SAN FRANCISCO -- When the 2017 Acura NSX sports car finally goes on sale next spring, it will mark the end of a long, strange trip for Honda's second-generation halo car. And it comes not a moment too soon for the brand.
The successor to the revered original NSX -- produced from 1990 to 2005 -- was conceived in 2006. It was shown as a V-10 concept in 2007, killed during the recession, then resurrected in 2011.
Finally, at the 2012 Detroit auto show, Acura revealed a concept version of the production car we see now. Jay Leno and Jerry Seinfeld plugged it in a Super Bowl ad. Yet even that version was modified, pushing the car's launch back by more than a year, to spring 2016.

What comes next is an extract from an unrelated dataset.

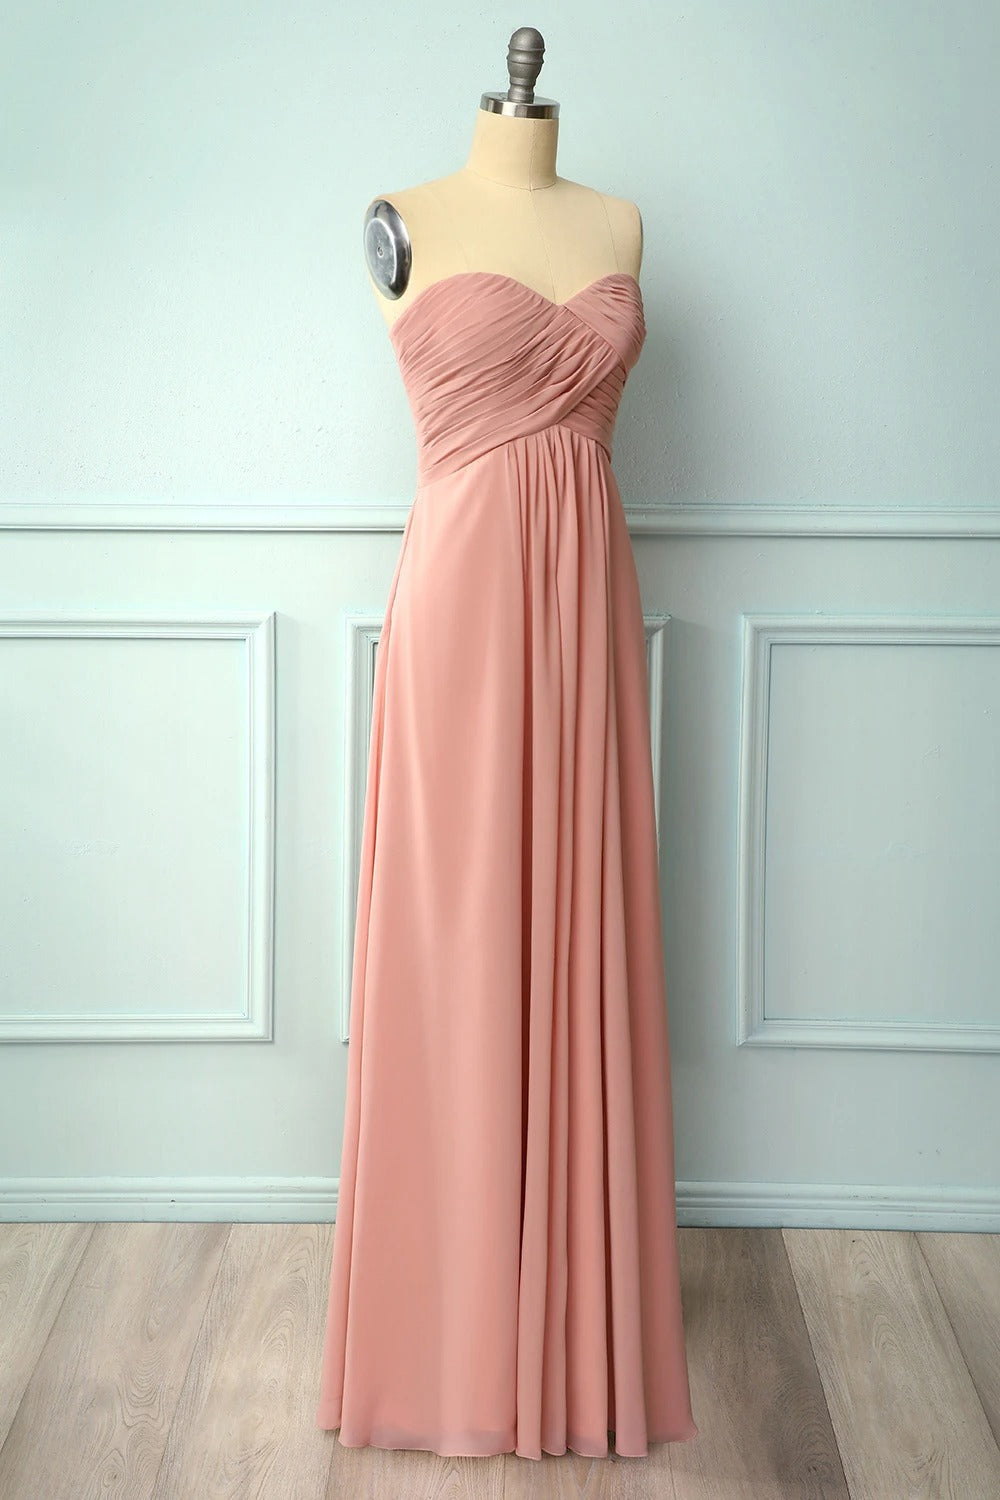 Stylish Outfit, Elegant Sweetheart Pleated Blush Bridesmaid Dress

After such a long, tortuous journey -- and a January 2015 unveiling that was overshadowed by Ford's 600-plus-hp GT -- is Acura worried that people's interest has waned, especially since the debut in 2012?
"I don't think so," Jon Ikeda, Acura's general manager, told Automotive News during the press launch for the 2017 model here. "Three-and-a-half years is not long in car years, though I know it seems long for some people. [The debut] may have seemed early then but we were so excited with what we had, and we really wanted to share it."
What Acura has is a new all-wheel-drive hybrid sports car. Using three electric motors and a 3.5-liter, twin-turbocharged V-6, the 2017 NSX has 573 hp, 476 pounds-feet of torque and a curb weight of 3,803 pounds and will do 0 to 60 mph in just more than three seconds.
Final pricing hasn't been announced, though it will start in the mid-$150,000s. Acura expects to sell about 800 a year once production at its Performance Manufacturing Center in Marysville, Ohio, is running at full tilt.